The demand today is that all things should be made easy. It is so in homes. Nothing must be hard for children. They must be tenderly nurtured. Their burdens must not be made too heavy. Their tasks must not be made too exacting. Their wishes must never be refused. Even their whims must be gratified. A writer gives an example of the way this method of child training is carried out. "O George," spoke a young mother in a tone of rebuke to her husband, who had been reproving the little daughter of the household, "you said, 'Don't!' just now to Dorothy. How could you? Just think what you have done! You have interfered with her individuality." It may not always be with the same deliberate thought, that mothers never deny a child anything. Not always is the motive to preserve the child's individuality from repression.

Still there is in homes a great deal of this spirit of indulgence which moves along the line of least resistance in home government.
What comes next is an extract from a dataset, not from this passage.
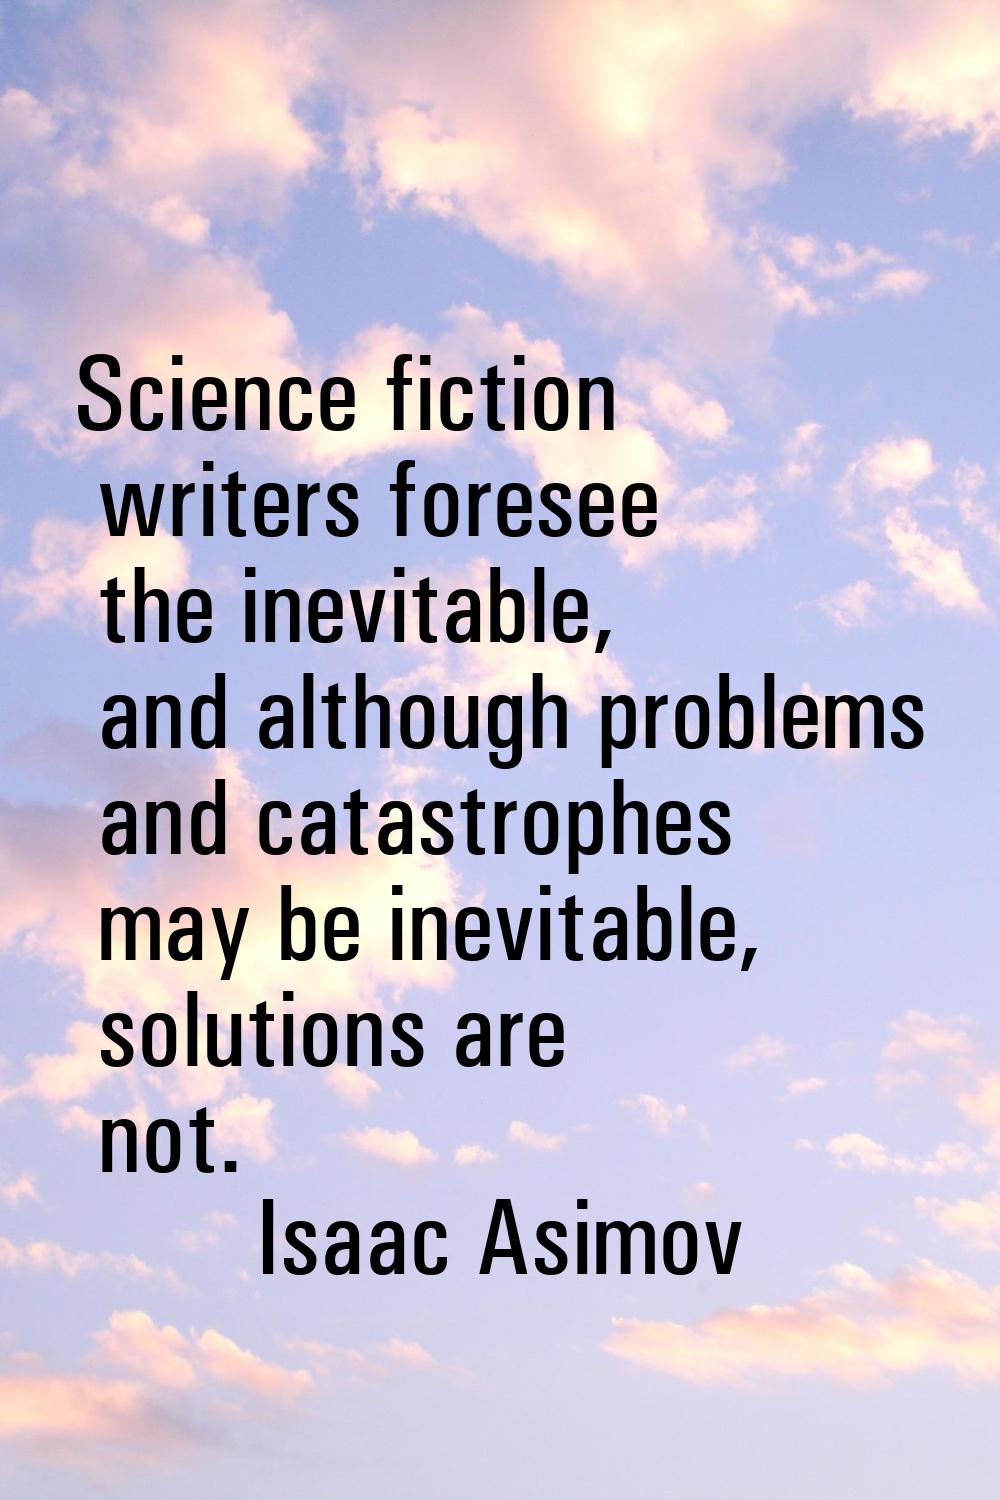 Science fiction writers foresee the inevitable, and although problems and catastrophes may be inevi

The same is true also in many schools. Everything must be made pleasant. The teacher must always make the lessons so interesting, that it will not tax the pupils to listen to them — and so simple, that it will not require any effort to understand them. It is thought to be unreasonable to expect pupils to do any hard thinking for themselves. A distinguished teacher says that pupils of this dainty kind, would like to lie in bed and have their studies sent up to them.
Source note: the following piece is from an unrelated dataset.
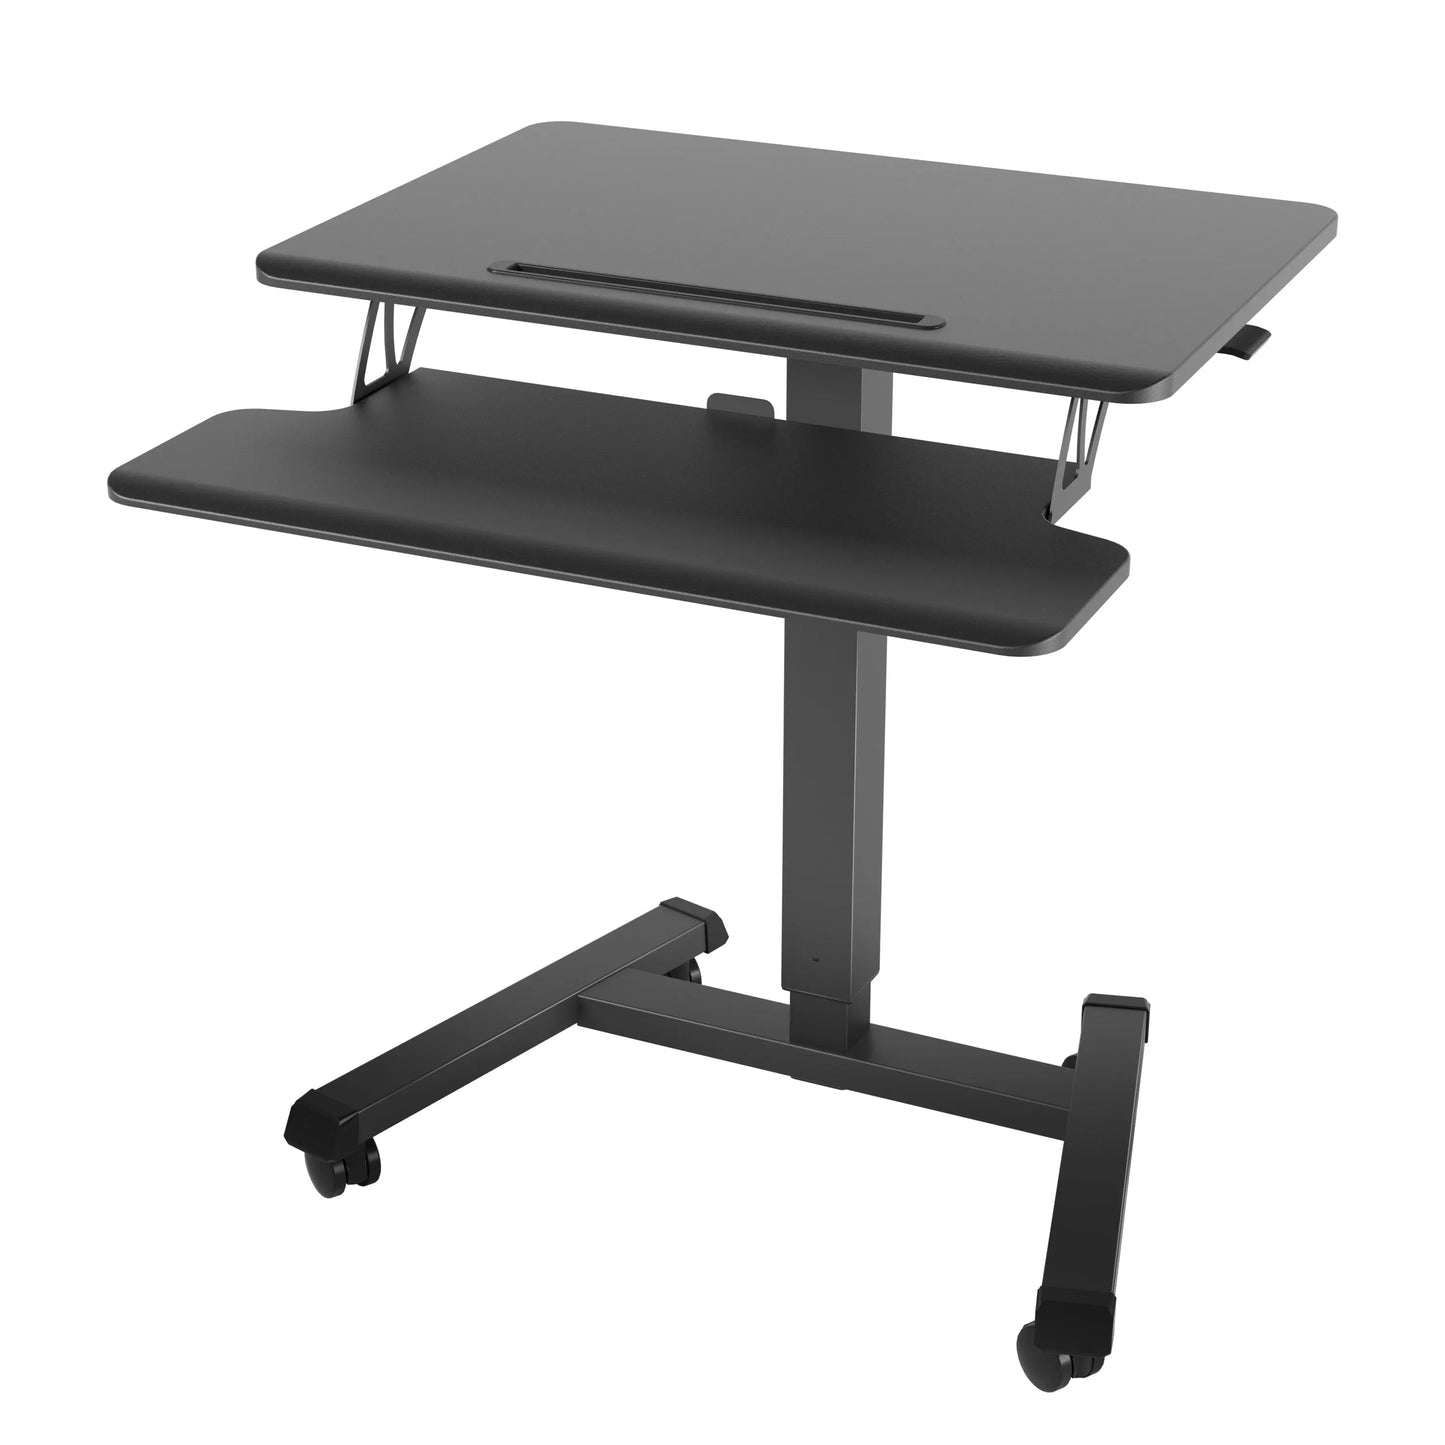 ProMounts Mobile Desk Workstation with Keyboard Tray Holds up to 18lbs (Black)

It may seem very pleasant for young people to have their work made so easy. But that is not the way for them to make the most of their lives. To evade effort — is to fail of achievement. For the student to have the hard work done for him — is to rob him of the results of faithful study. There are some things we can get done for us, but nobody can achieve our education for us. If we insist on never doing the things that are unpleasant we cannot expect to receive the benefits and the rewards.
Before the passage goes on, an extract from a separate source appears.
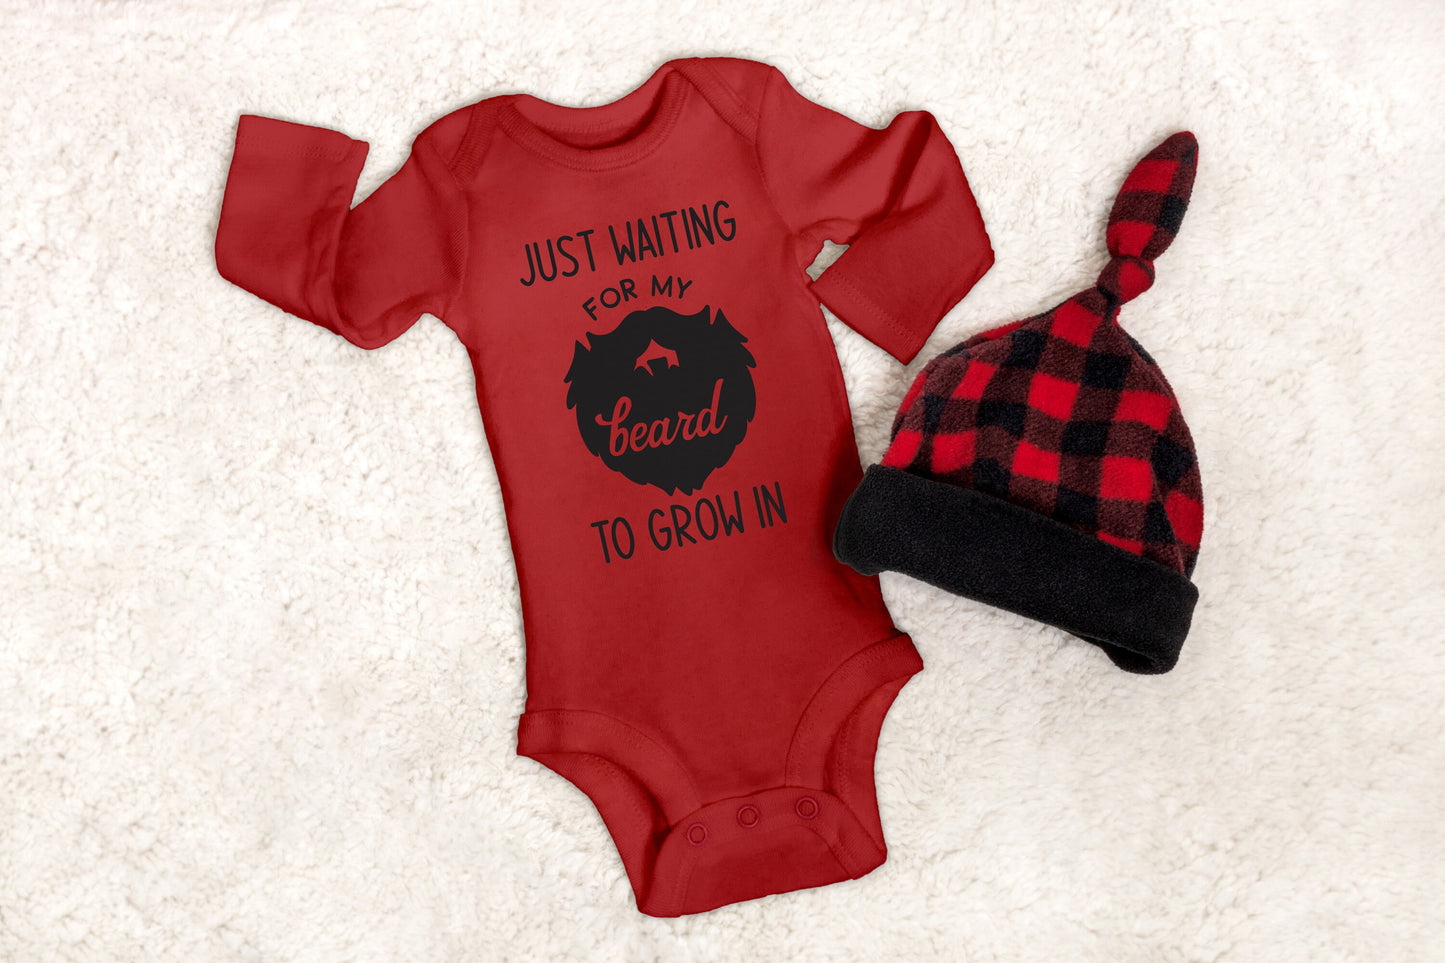 Just Waiting for My Beard to Grow In Shirt or Bodysuit - fathers day shirt - new dad gift - bearded daddy - future beard owner - lumberjack

This does not mean that the hard work of the student is not pleasant — it may be pleasant, yet not easy. The harder he works — the more pleasure does he find in his studies. The student who is diligent — grows enthusiastic. He "burns the midnight oil" in pursuit of knowledge. He becomes eager in his research. He finds joy in his work. On the other hand, when the pupil has no interest in his studies — he makes no progress in them, and gets nothing from them. He probably blames it on the teacher, saying that he does not make the lessons interesting. He does not make things so simple, so easy — that no thinking is necessary, no knitting of brows, no hard study. He is quite ready to teach, but the best teacher is not the one who leaves nothing for his pupil to do. Good teaching tells the least she can — it makes the pupil do the work.

The demand of many pupils, is that the teacher shall always be interesting. He shall tell everything about the lesson in such a bright, charming way, that the pupils shall be made happy. There is the same demand in other lines, where one man is set to guide others. The people in the pews demand that the preacher shall interest them. They do not want hard thinking — they go to church to be entertained — and if they are not entertained, the fault is with the sermon. If they grow sleepy — they say the preacher is dull and does not know how to make his sermons impressive. Books must be made interesting — or people will not read them. They pronounce them dull, if they do not sparkle in every sentence.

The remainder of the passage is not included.